7.  Severance Benefits.  In the event of a termination by Corporation without Cause as defined in Section 6 B or in the case of Corporate Dissolution as defined in Section 6 F, Corporation agrees to provide Employee with the following payments and benefits, based on Employee’s length of service with Corporation, which shall be referred to as “Severance”: 
		
	A.
	Six (6) months of Base Salary if Employee has less than five (5) years of service with Corporation as of the date of his termination; or Twelve (12) months of Base Salary if Employee has five (5) or more years of service with Corporation as of the date of his termination (“Severance Pay”).

		
	B.
	Notwithstanding A above, if employment is terminated in conjunction with a change in the control of Corporation, Corporation will provide the Employee with Severance Pay under the circumstances specified in (i) and (ii) of this subsection (B), and the conditions set forth in subsections  7 (C) and (D) of this Agreement.  For the purposes of this Agreement, a “Change in Control” is defined as the sale of substantially all of the operating assets of Corporation, the acquisition of more than fifty percent (50%) of the stock of Corporation by a group of shareholders or an entity which acquires control of Corporation (a “Purchaser”), or a merger or consolidation of Corporation with any other corporation, other than a merger or consolidation which would result in the voting securities of Corporation outstanding immediately prior thereto continuing to represent (either by remaining outstanding or by being 

converted into voting securities of the surviving entity) fifty percent (50%) or more of the total voting power represented by the voting securities of Corporation or such surviving entity outstanding immediately after such merger or consolidation.
		
	i.
	If the Change in Control results in the involuntary termination of  Employee or results in Employee electing within nine (9) months from the date of the Change in Control to terminate Employee’s employment for Good Reason (as defined below), Corporation shall provide Employee with severance pay in an amount that is equal to two and one-half times (2 1⁄2 x) Employee’s annual Base Salary and shall pay Employee any reasonably anticipated Performance Bonus for the fiscal year in which Employee was terminated on a prorated basis.

		
	ii.
	If Employee voluntarily terminates Employee’s employment without Good Reason (as defined in below) within ninety (90) days after the Change in Control, Corporation shall provide Employee: 

		
	a.
	Six (6) months of Base Salary if Employee has less than five (5) years of service with Corporation as of the date of termination; or

		
	b.
	Twelve (12) months of Base Salary if Employee has five (5) or more years of service with Corporation as of the date of termination.

		
	iii.
	For the purposes of this subsection 7(B), “Good Reason” shall mean the occurrence of any of the following events: (1) a significant reduction of Employee’s duties, authority or responsibilities relative to Employee’s duties, authority or responsibilities as in effect immediately prior to such reduction; (2) the Purchaser requiring Employee to relocate his primary work location more than fifty (50) miles from Employee’s then-present location; or (3) the Purchaser refusing to offer full time employment to Employee on terms comparable to those set forth in this Agreement.

		
	C.
	As a condition of receiving Severance hereunder, Employee will be required to execute a release agreement.  

		
	D.
	Severance Pay shall be less such amounts required to be withheld by law.
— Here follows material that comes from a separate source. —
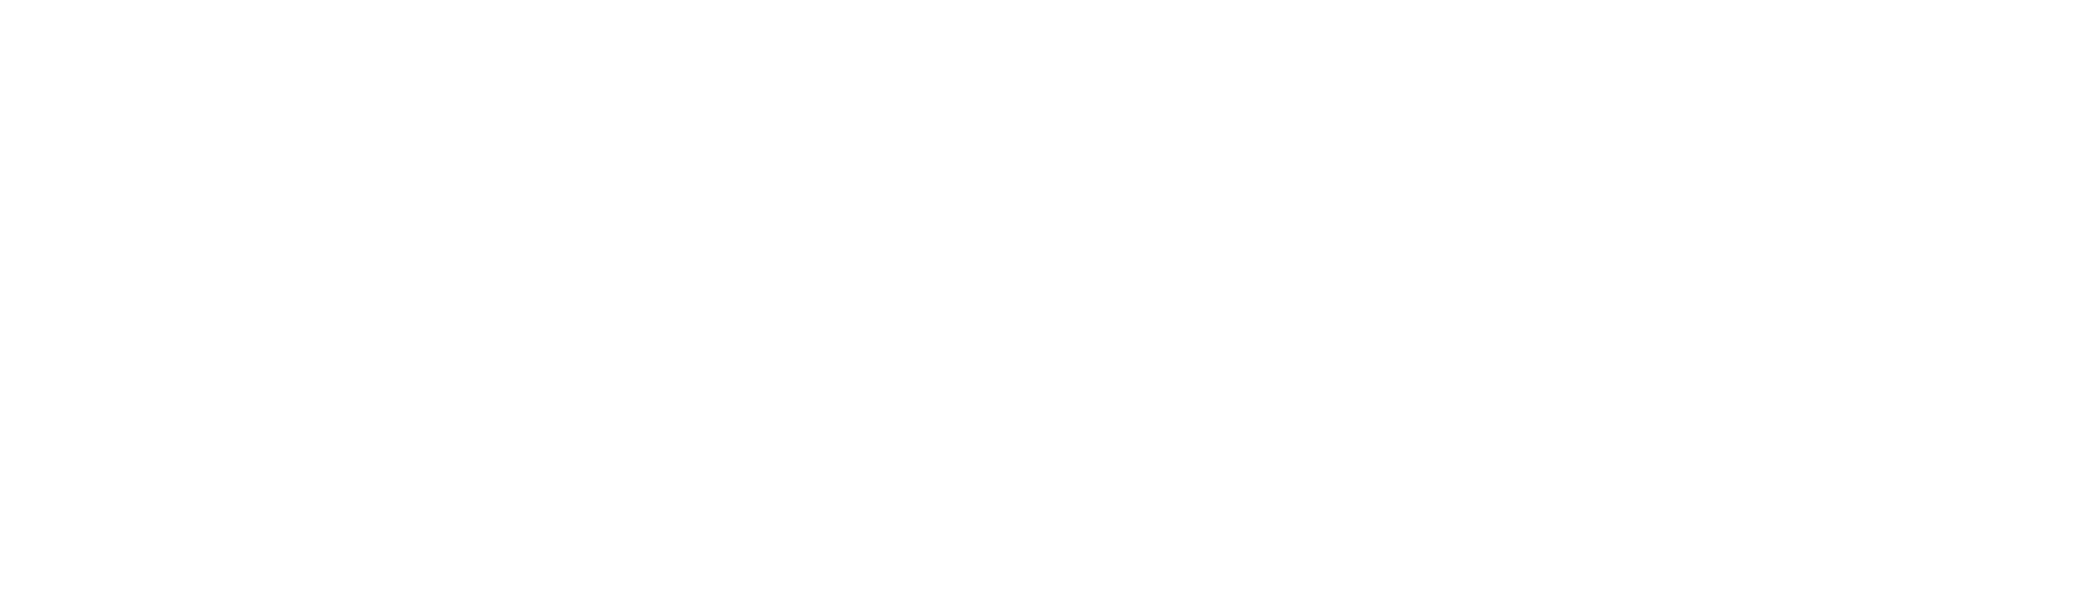 Orozco Transportes y Excavaciones

The Severance Pay shall be paid following termination in equal installments per Corporation’s regular pay schedule, commencing not later than forty-five (45) days after: 

		
	i.
	the date the release agreement has been executed in the event there is no applicable revocation period for the release agreement; or 

		
	ii.
	the date the revocation period for the release agreement has expired and no revocation has occurred in the event there is an applicable revocation period for the standard release agreement.  In the event such forty-five (45) day period spans two calendar years, commencement of payment of the Severance Pay will not occur until the second calendar year and after the release agreement has become effective.  

		
	E.
	Notwithstanding anything to the contrary, the amount of Severance Pay provided under this Agreement shall not under any circumstances exceed the amount defined in § 280G of the Internal Revenue Code as a “parachute payment”.

		
	F.
	In addition to Severance Pay, if Employee elects continuation coverage under one or more of Corporation’s health plans (“Health Plans”) pursuant to the continuation coverage terms of such Health Plan(s) and as required by the Consolidated Omnibus Budget Reconciliation Act of 1985 (“COBRA”), then for a period equal to the number of months of Severance Pay (“Severance Period”), Employee shall pay a reduced, monthly COBRA premium for continuation coverage.  The monthly premium to be paid by Employee shall be equal to the payroll deduction contribution then being paid each month, by Corporation’s actively employed, similarly situated employees, for the selected Health Plans’ coverage.  Such coverage shall be provided in accordance with terms of the Health Plan(s) as may exist or may be amended from time to time.  If Employee elects to continue COBRA coverage beyond the Severance Period, Employee will be responsible for payment of the full, regular COBRA premium for any coverage continuation thereafter.

		
	G.
	Corporation shall have no obligation to provide Severance to Employee in the event of termination for any reason other than those set forth in this Section 7.

		
	5.
	All other terms of the Agreement remain unchanged.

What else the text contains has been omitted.